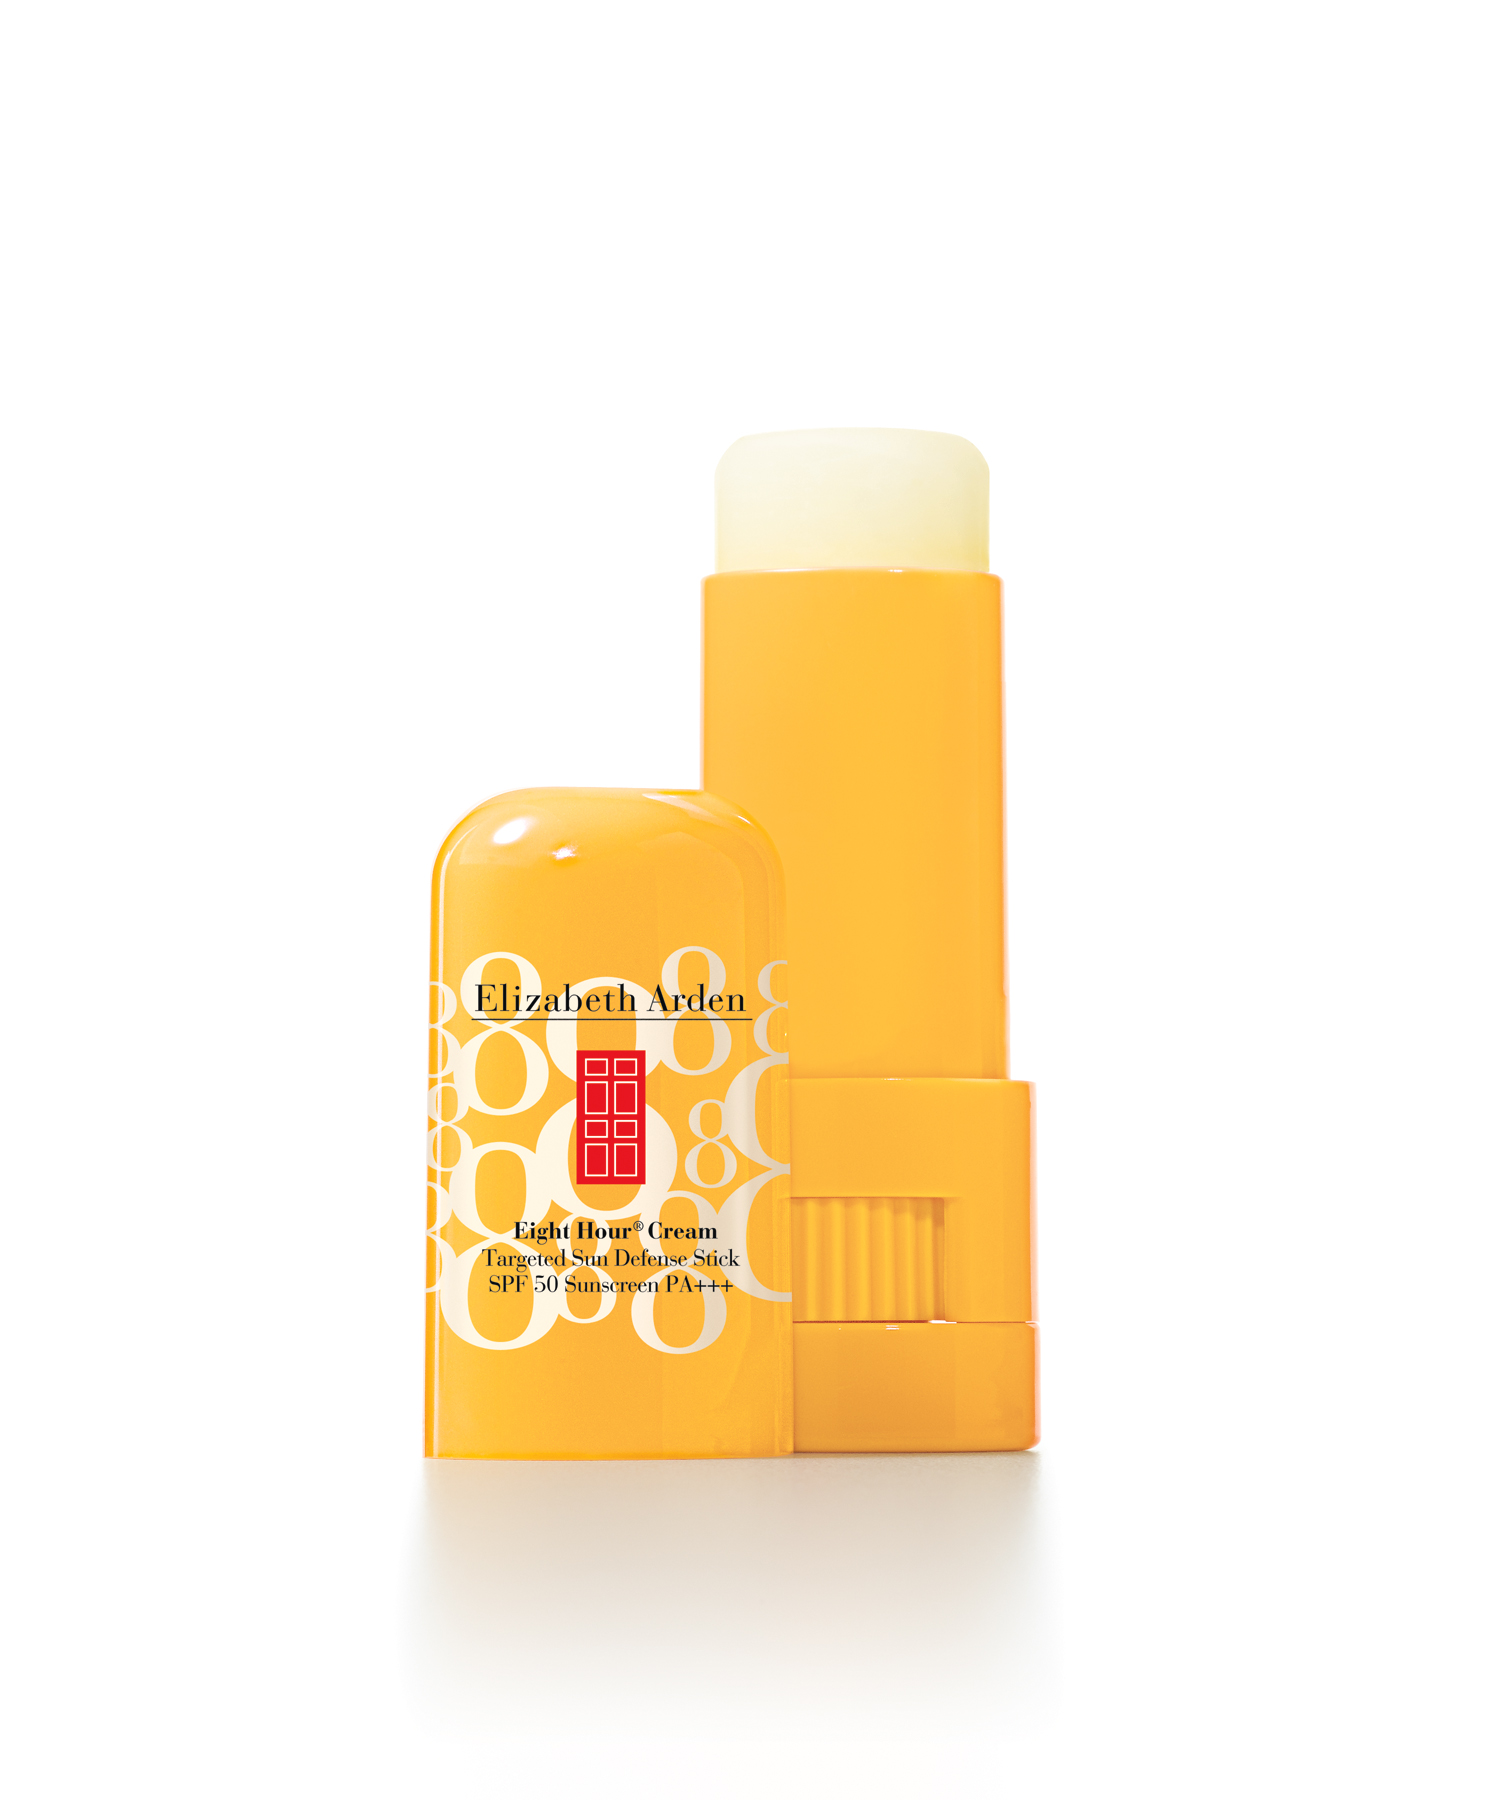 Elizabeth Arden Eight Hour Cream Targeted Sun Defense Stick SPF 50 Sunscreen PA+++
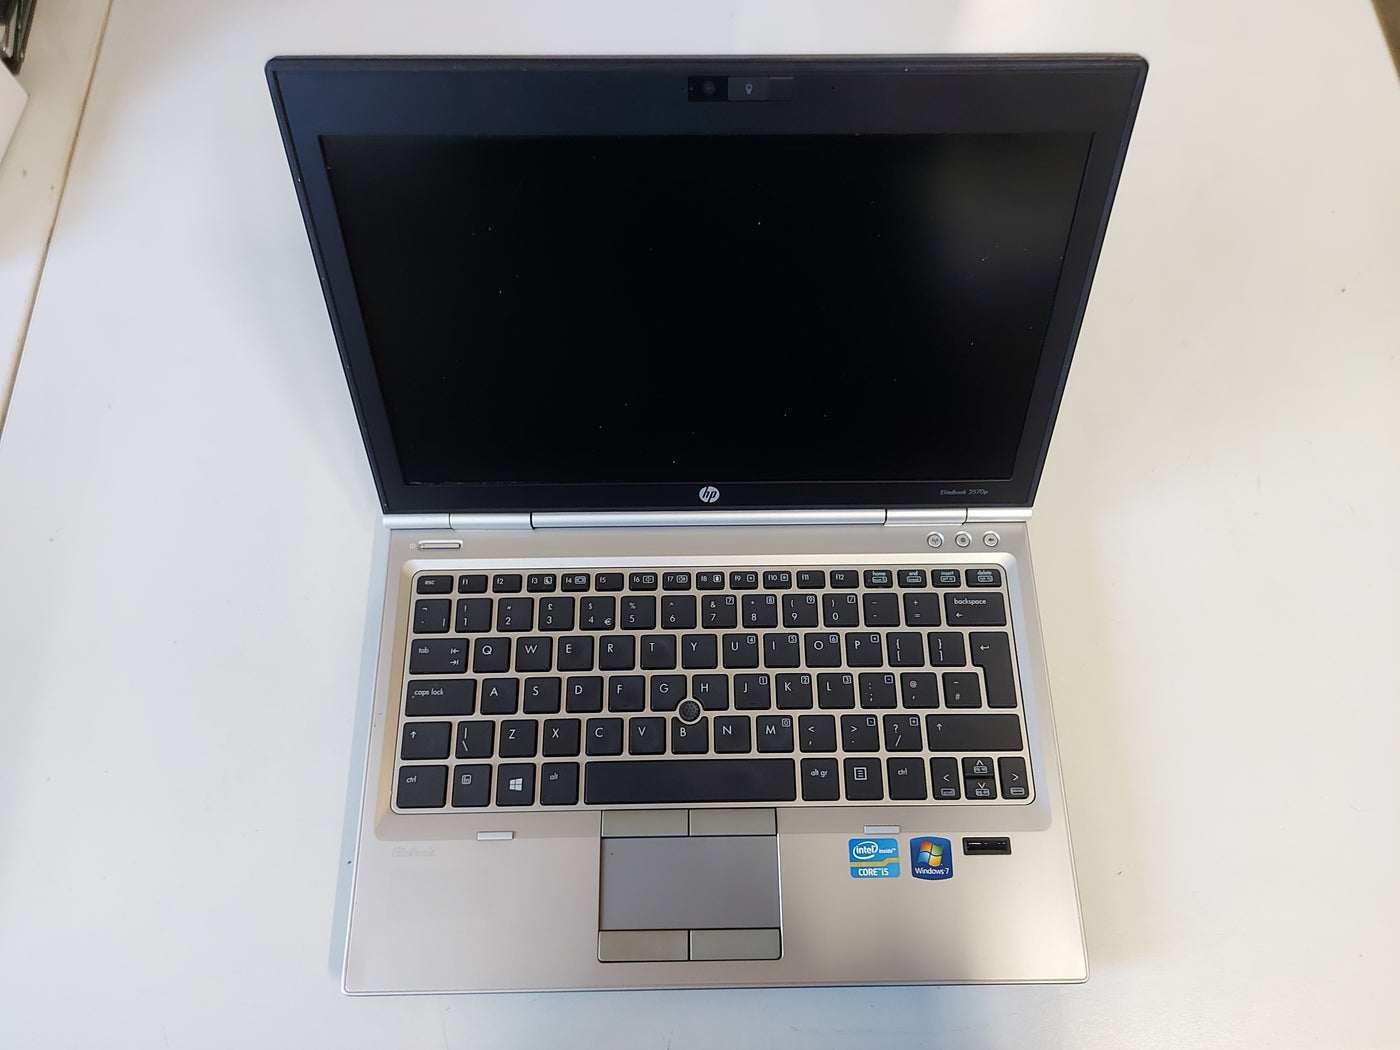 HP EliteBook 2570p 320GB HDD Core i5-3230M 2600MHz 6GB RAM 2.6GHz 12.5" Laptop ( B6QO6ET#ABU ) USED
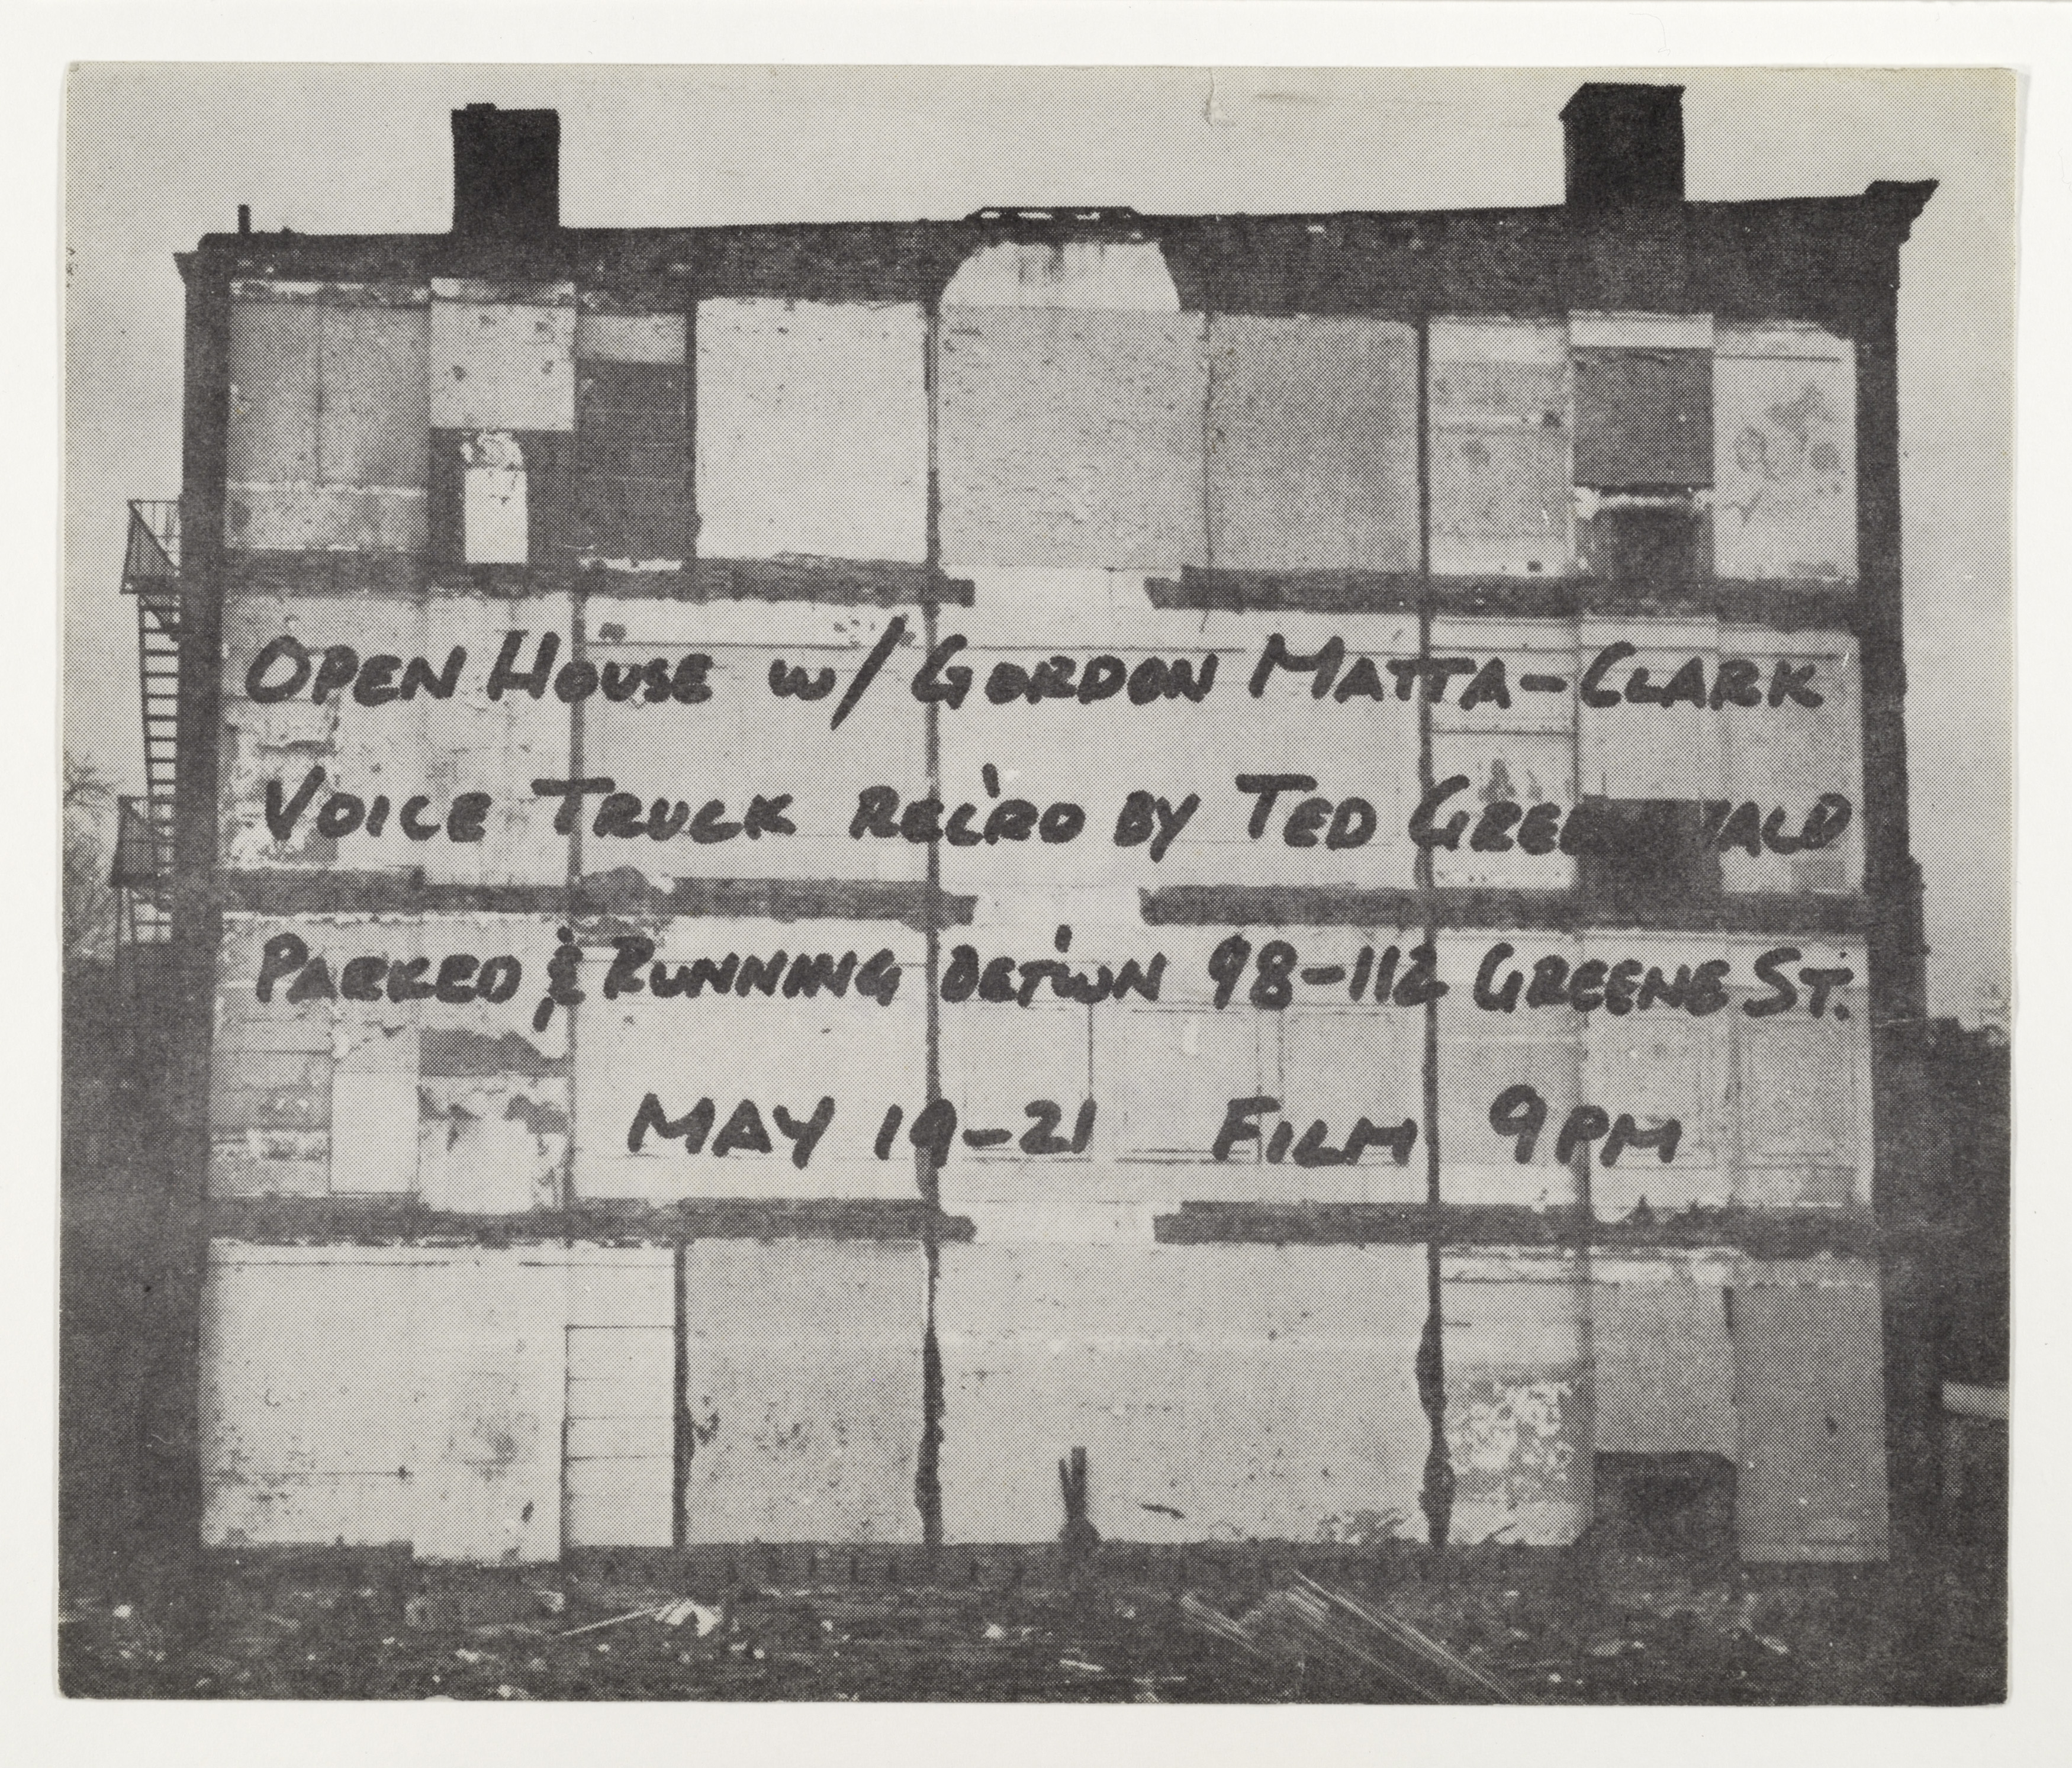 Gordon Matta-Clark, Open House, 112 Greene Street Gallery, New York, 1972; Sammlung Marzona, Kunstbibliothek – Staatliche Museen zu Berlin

▸ EXERCISE DIRECTIONS: First drop every picture, then print the data above exactly as it stands.

▸ ANSWER BOX:
 Elizabeth Arden Eight Hour Cream Targeted Sun Defense Stick SPF 50 Sunscreen PA+++
 HP EliteBook 2570p 320GB HDD Core i5-3230M 2600MHz 6GB RAM 2.6GHz 12.5" Laptop ( B6QO6ET#ABU ) USED
 Gordon Matta-Clark, Open House, 112 Greene Street Gallery, New York, 1972; Sammlung Marzona, Kunstbibliothek – Staatliche Museen zu Berlin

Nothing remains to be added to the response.